▸ WORK ORDER:
Repeat every line of the data exactly, but not the pictures.

▸ SOURCE DATA:
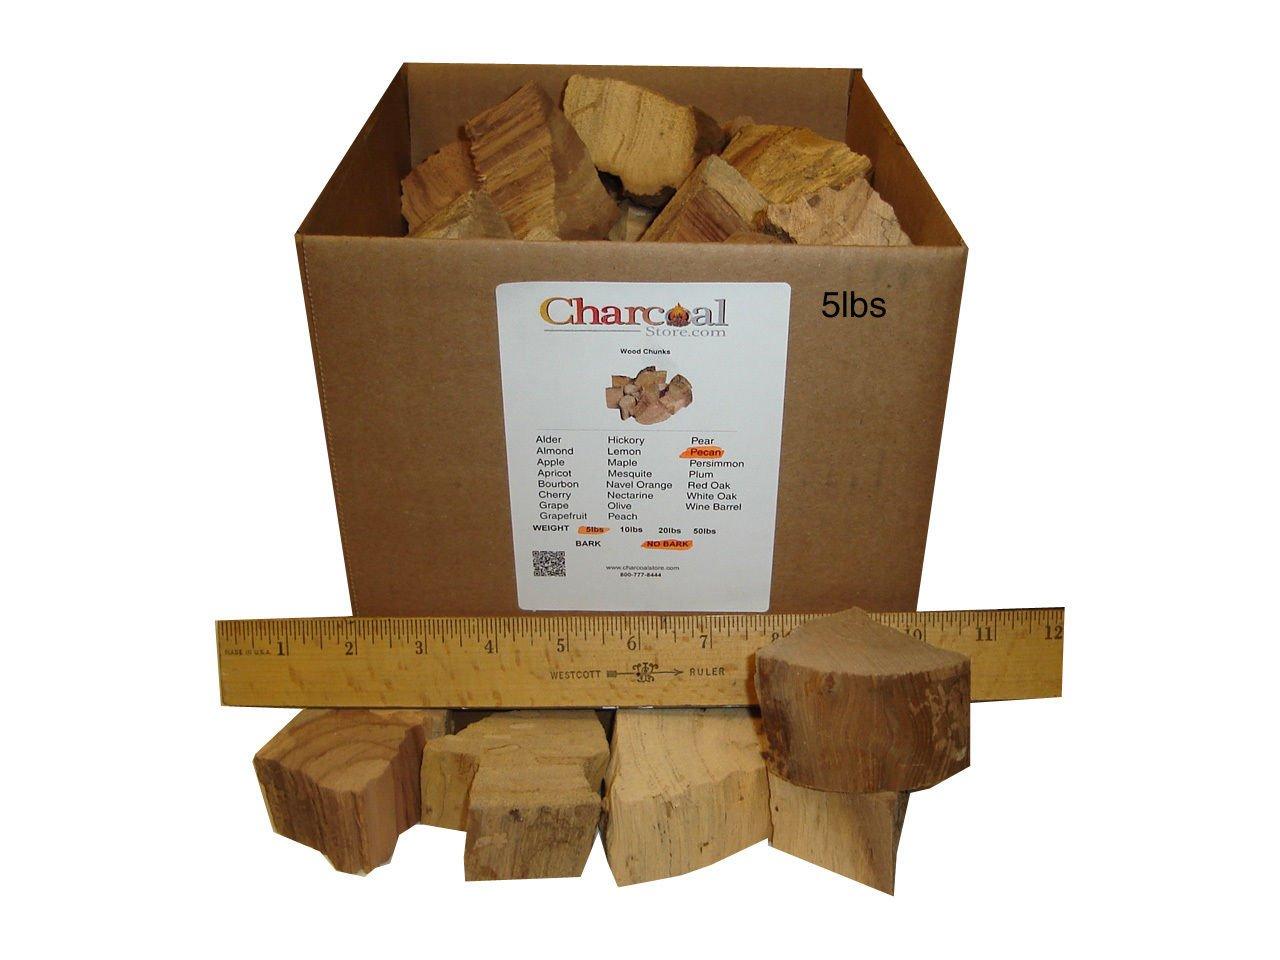 CharcoalStore Pecan Smoking Wood Chunks - No Bark (20 Pounds)
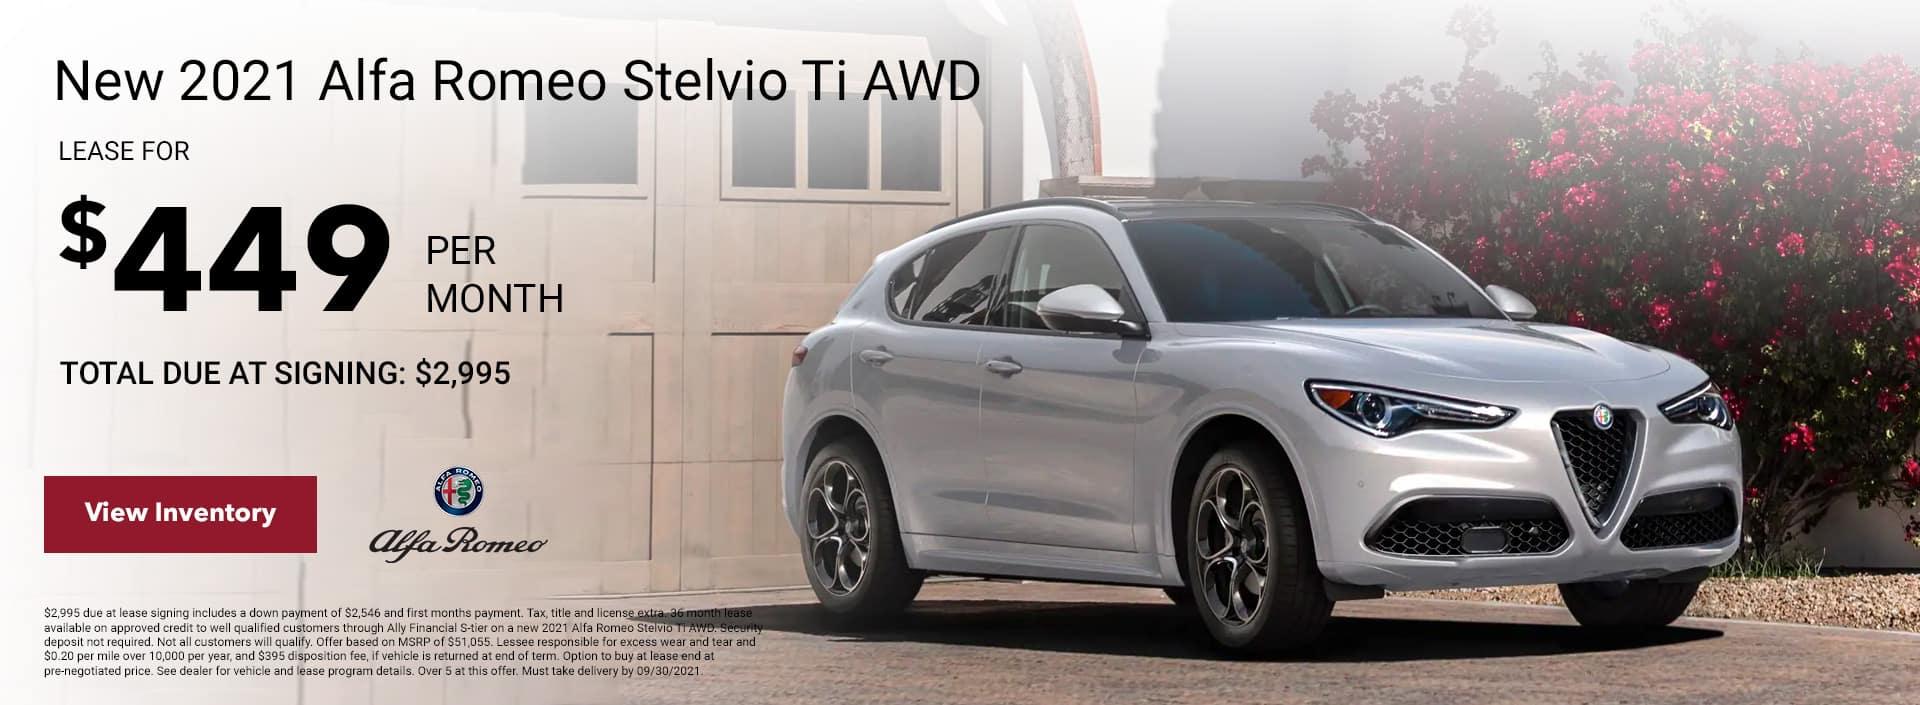 New 2021 Alfa Romeo Stelvio Ti AWD Subheadline: Total due at signing: $2,995 $449/mo
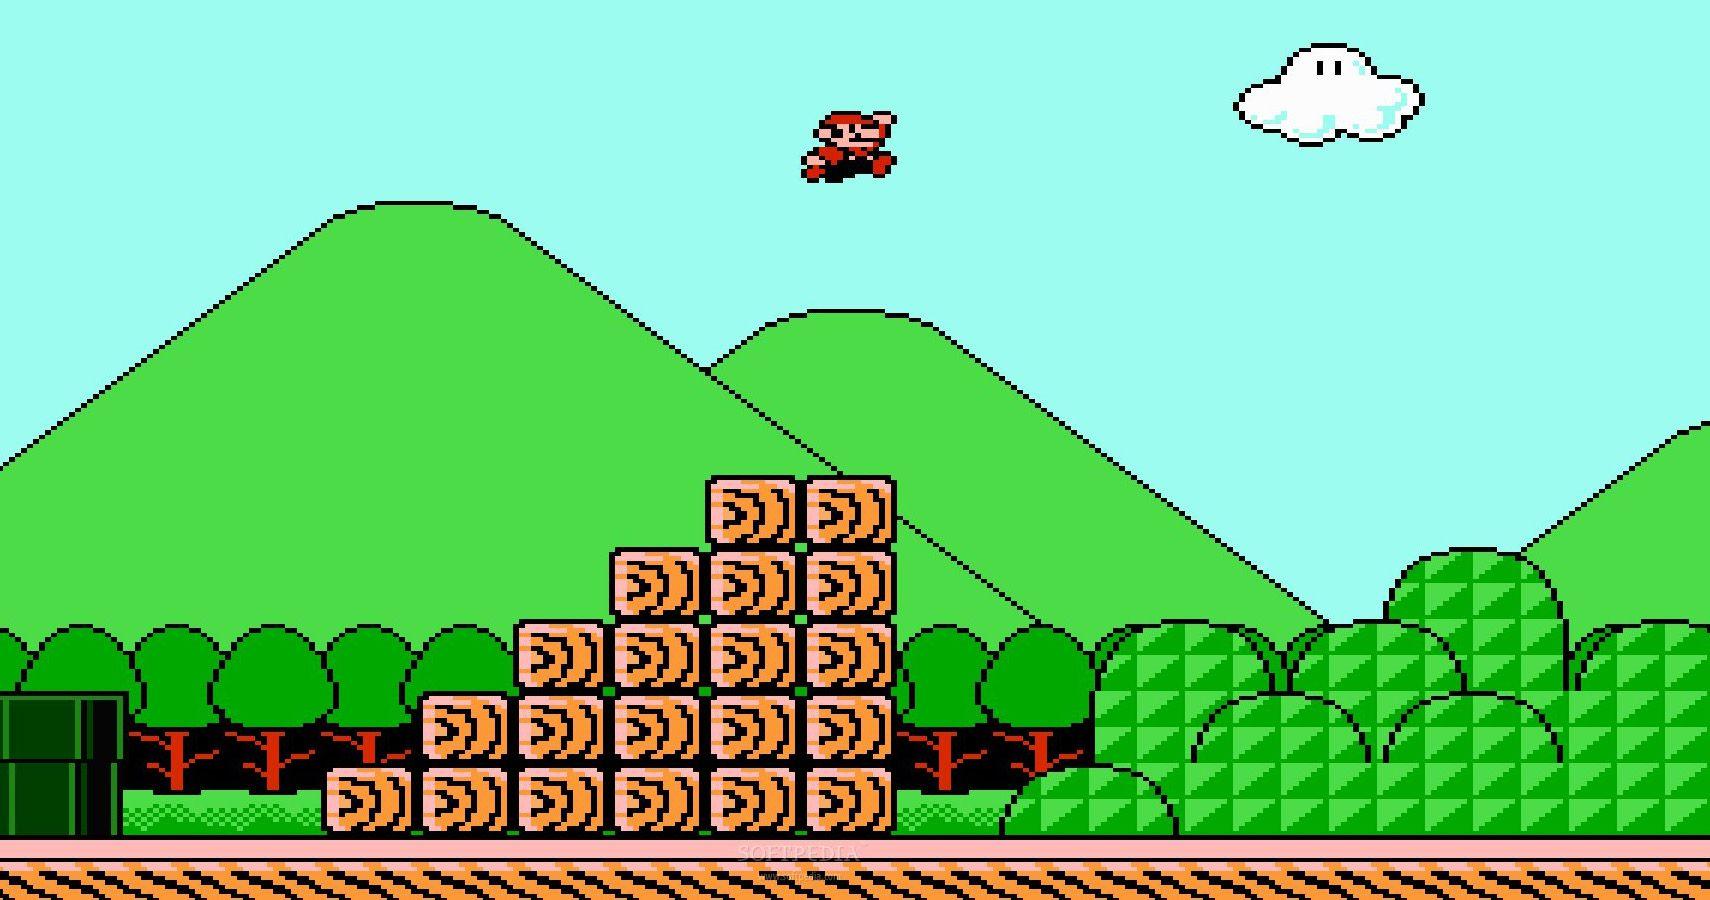 25 Awesome Areas In Super Mario Bros 3 Casuals Had No Idea About
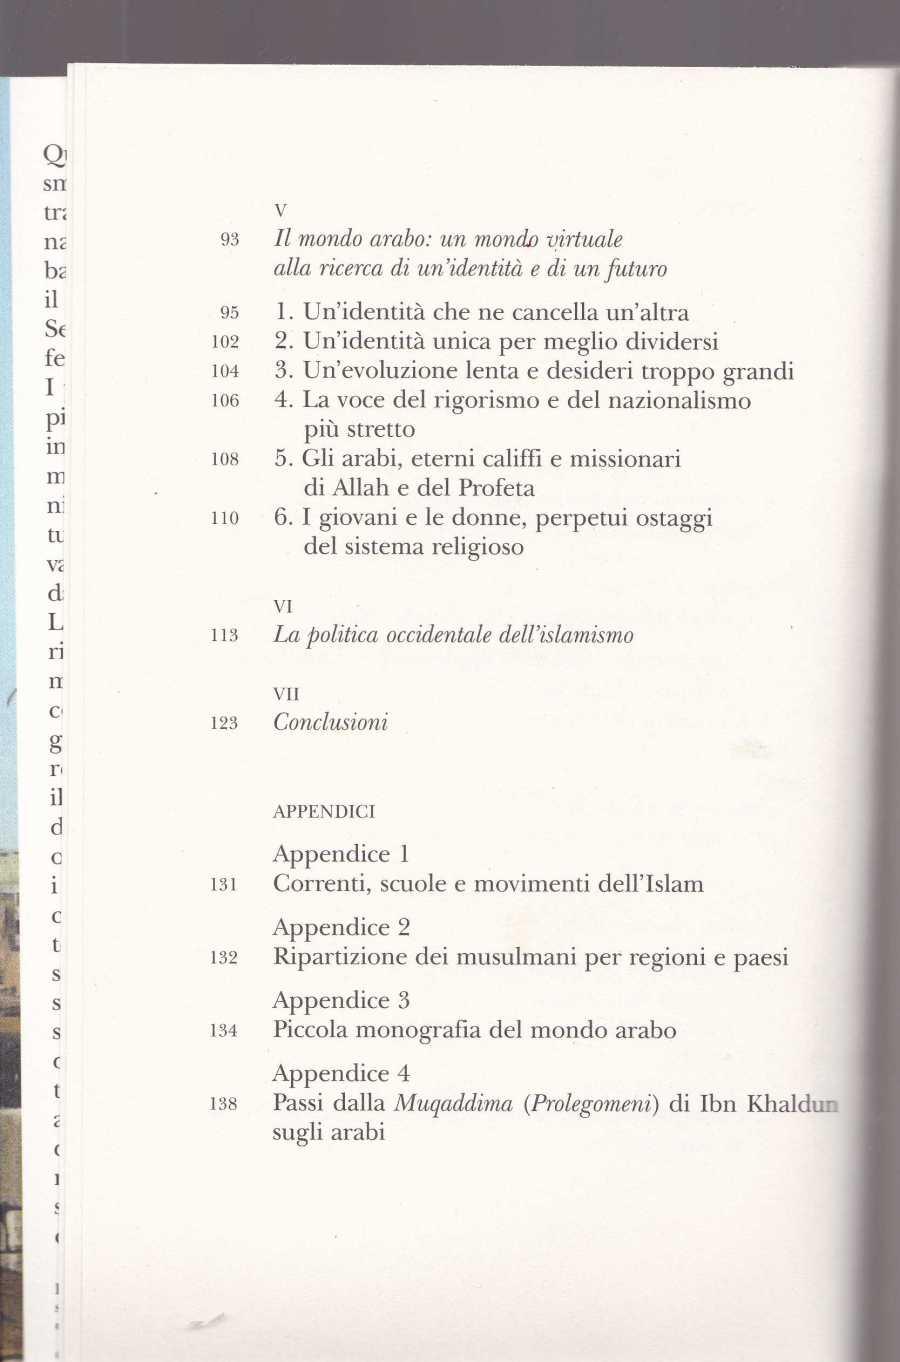 SANSAL BOUALEM2630

▸ WRITTEN RESPONSE:
 CharcoalStore Pecan Smoking Wood Chunks - No Bark (20 Pounds)
 New 2021 Alfa Romeo Stelvio Ti AWD Subheadline: Total due at signing: $2,995 $449/mo
 25 Awesome Areas In Super Mario Bros 3 Casuals Had No Idea About
 SANSAL BOUALEM2630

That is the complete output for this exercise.